Posted by Jonathan Naraine almost 14 years ago

I have just got started on the actual design part of my permaculture project. To help myself /others to come up with creative and suitable ideas I have asssembled the forework of my design. The conclusions of my observations and interactions and my vision

Intro: This is a project I will make into an okaj design proposal in april as the final product of my graduation project, but after that I will come back to it regularly and I hopefully start to implement it this year.

Therefore I would be very happy if someone from the permaculture world, with a little experience could have a look at it and maybe give me some tips. After all I haven't taken any PDC-courses yet so right now I mainly follow tips I got from books. 


Goals: I want to be 50% self-sufficient, meaning that I grow 50% of all the medicin, food and personal hygiene products I consume. Secondly I want a place to rest and meditate in everyday life (for me observing and interacting with nature is a form of meditation).

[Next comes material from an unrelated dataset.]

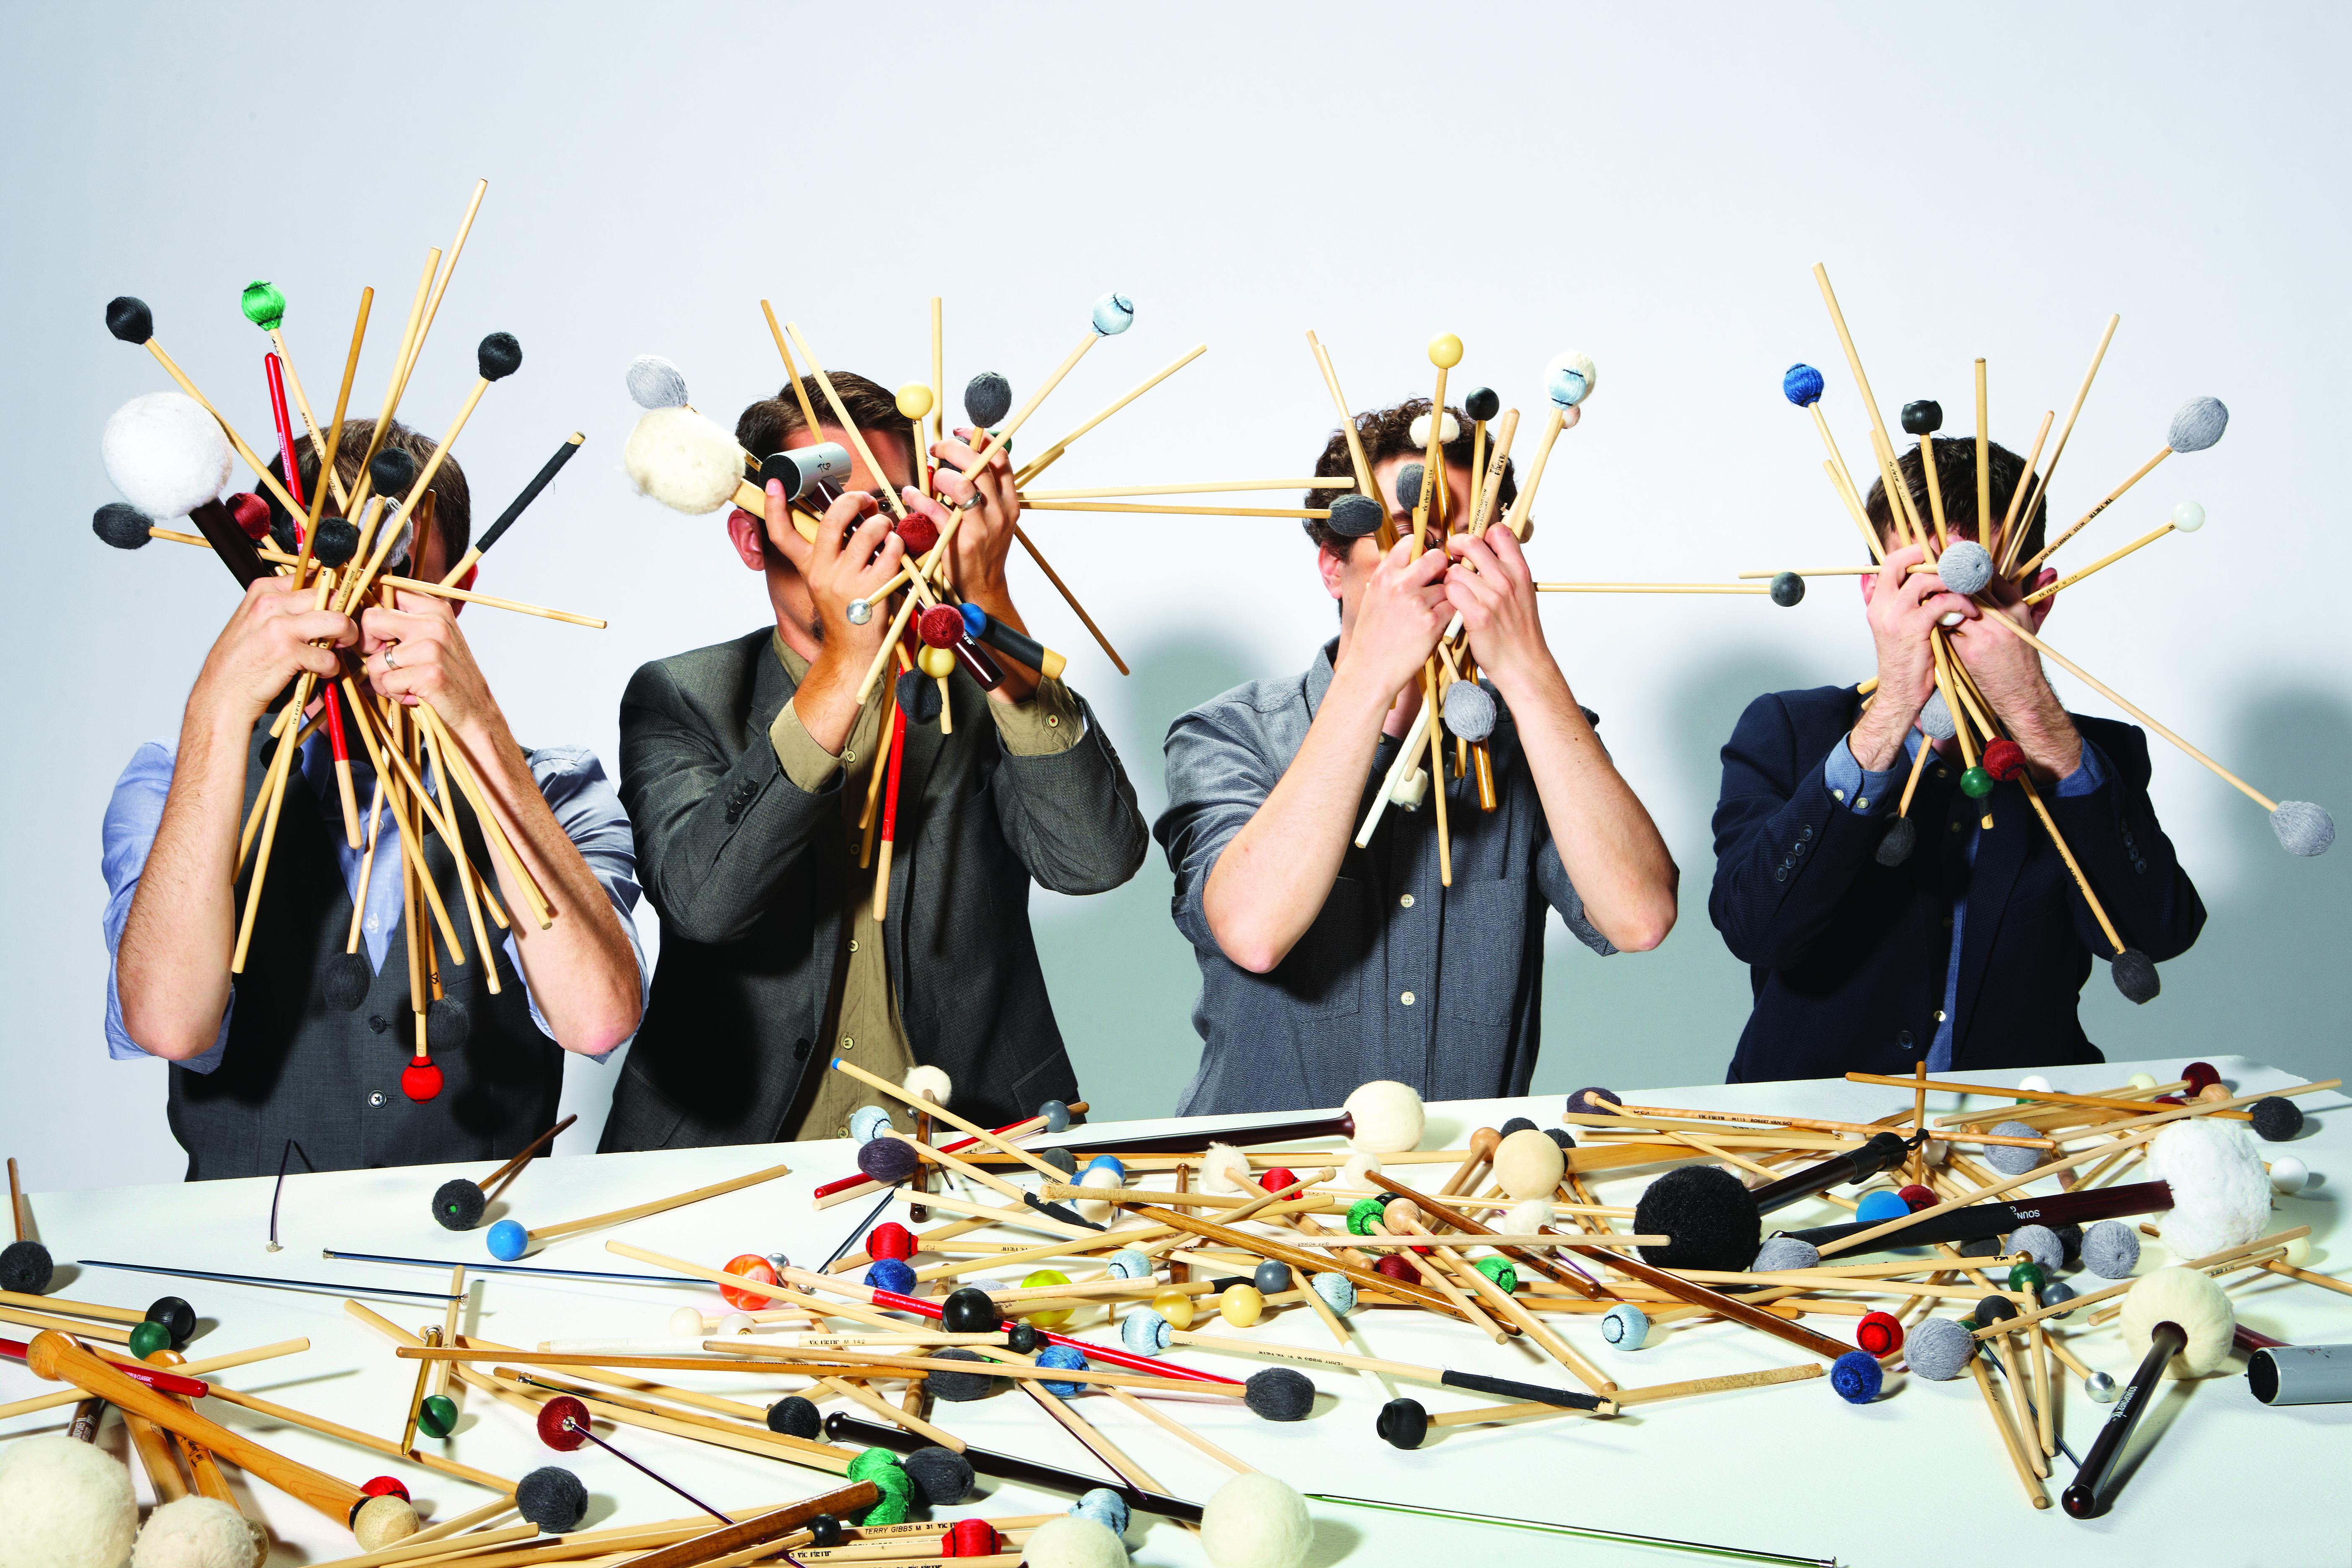 Four men in dress shirts and suit jackets hold handfuls of drumsticks and mallets in front of their faces while sitting at a table also covered with drumsticks and mallets.

I want ot learn, have fun and experiment in this project and I think that the design I make as a graduation project will be a good tool to be able to aquire a well functioning permaculture garden to help me obtain these goals. I also search for personal development and some real good friends and hope that this project will help me on my way to my better self.

My observations:

1, Ecological conditions:

I live in suburban residential neighbourhood on the top of hillside road, surrounded by a forest to the south-west and smaler forest strip to the north-east. Our hose is in a slopebetween this two forests and some regurlarly outplaced houses. In th garden we have a compressed and acid soil, waterlogged for much of the year, with early frosts (october) and possibly snow from november to april. There are also two huge pine-trees on the southern and western corners of the garden and a slope pointing to the north-east — wich together makes the garden very shady. With the house pointing north-east my backyard should be the sunniest location but thanks to slope and trees it's very shady. On my front yard I have an old Apple tree that I want to keep, some berrybushes and rhubarbd wich I want to spread/propagate. The apple tree probably has the only location that gets sun now in wintertime.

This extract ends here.